Computers, code, and a ledger
Last updated
Last updated
The Bitcoin system is a large network of over 100.000s of computers that are distributed across the world and that are owned by many different individuals and corporations. In fact, you yourself can choose to become a part of this network, helping maintain and operate Bitcoin.
All these computers run a software application called Bitcoin Core that allows them to be a part of the network and communicate with the other computers.
These computers also store some information in their own database, similar to how your computer stores information on its hard-drive. In fact, each computer stores and maintains the exact same data, so that all computers are in agreement on what is true.
The data that is stored by such a computer consists of information on transactions of the bitcoin currency from one address to another. Essentially, they store a long, chronological list of all transactions of bitcoin that have ever taken place in the entire history of the network. Because it is a database of transactions, it is often referred to as a ledger.
These computers that run this software and store this database of transactions are called the nodes of the Bitcoin network.
Note When we say "computers", we are generally not referring to the types of computers that we personally use every day such as laptops or desktop computers or mobile phones. Rather, these are simpler, specialized computers with fewer bells and whistles often dedicated to a particular task. As such, most of these nodes just focus on this one task of being connected to the network and maintaining the database of bitcoin transactions.
Because each node tracks all bitcoin transactions that have ever taken place in its own ledger, they all know exactly how much each address owns, by knowing exactly how much bitcoin was sent to an address, and how much bitcoin was sent from an address. The entire network reaches agreement on what bitcoin transactions to add to their ledger by speaking according to a specified protocol, or set of rules (more on this in a bit).

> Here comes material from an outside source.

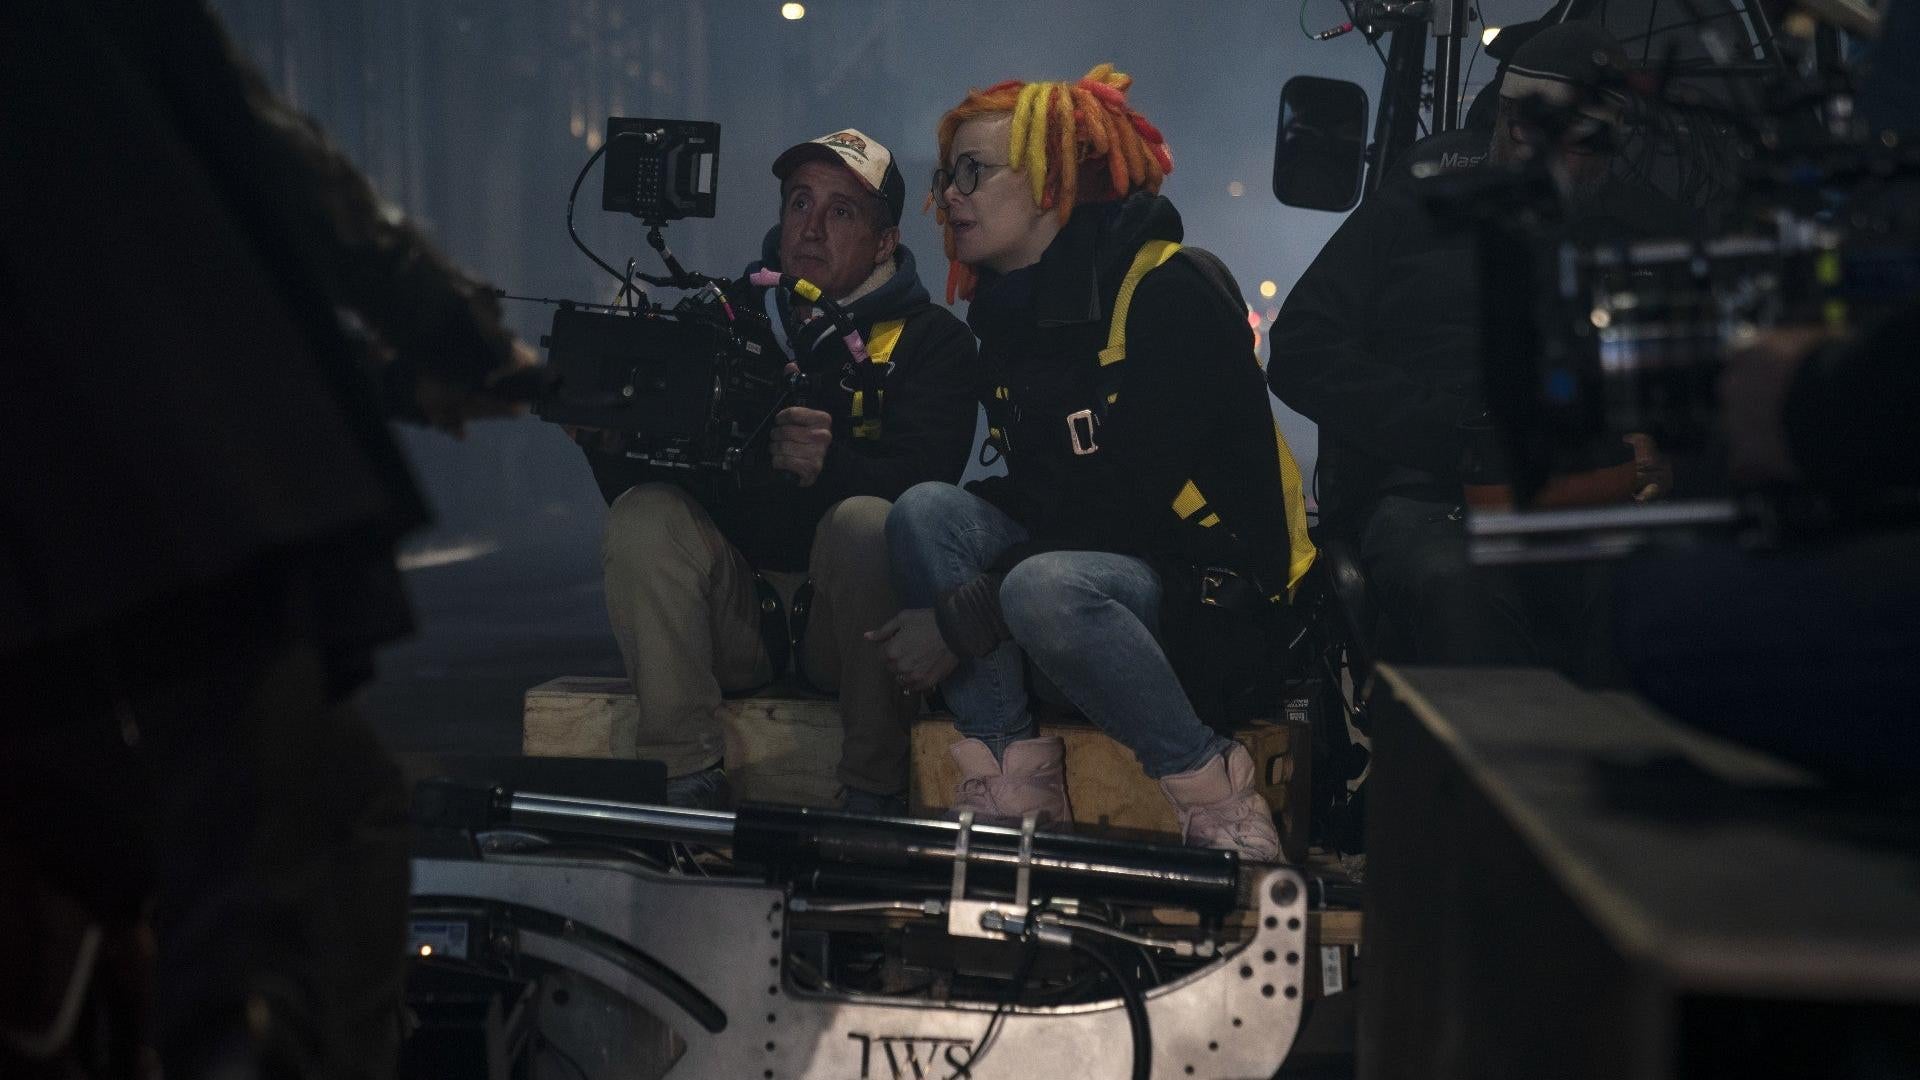 Lana Wachowski on set. (Image: Warner Bros.)

What we end up with is a large network of globally distributed computers called nodes that collectively keep track of who owns how much bitcoin. This means there is no single point of failure or control. That is a remarkable trait: because the system underpinning the bitcoin money is distributed all over the world, it is virtually impossible to be taken down if some adversary would desire to do so.
Furthermore, there is no locus of power that is the arbiter of truth; there is no central party deciding what data is true - and thus who owns what. This resembles ownership of physical gold: what somebody owns is not determined by some entity, it is simply the result of what transactions have actually happened.
There are of course some important things to address:
With all these nodes spread across the world keeping their own ledger, how do they agree on what is the true history of bitcoin transactions? And how do they decide what new transactions are added to the ledger?
How do we ensure that only the owner of an address can send bitcoin from it, if other people are the ones adding transactions to the ledger? And how do we ensure an owner cannot send more than the amount of bitcoin they own?
Where do or did bitcoins come from in the first place? Who has issued these bitcoins in circulation and what makes it different from a central bank issuing currency?
How does somebody receive bitcoin and how do they go about sending bitcoin?
We will answer these questions in the next segments. For now, what is important to understand is that Bitcoin exists only because of a large network of globally distributed computers that all run the same piece of software and that all maintain the exact same database, or ledger, of what bitcoin transactions have taken place in the past.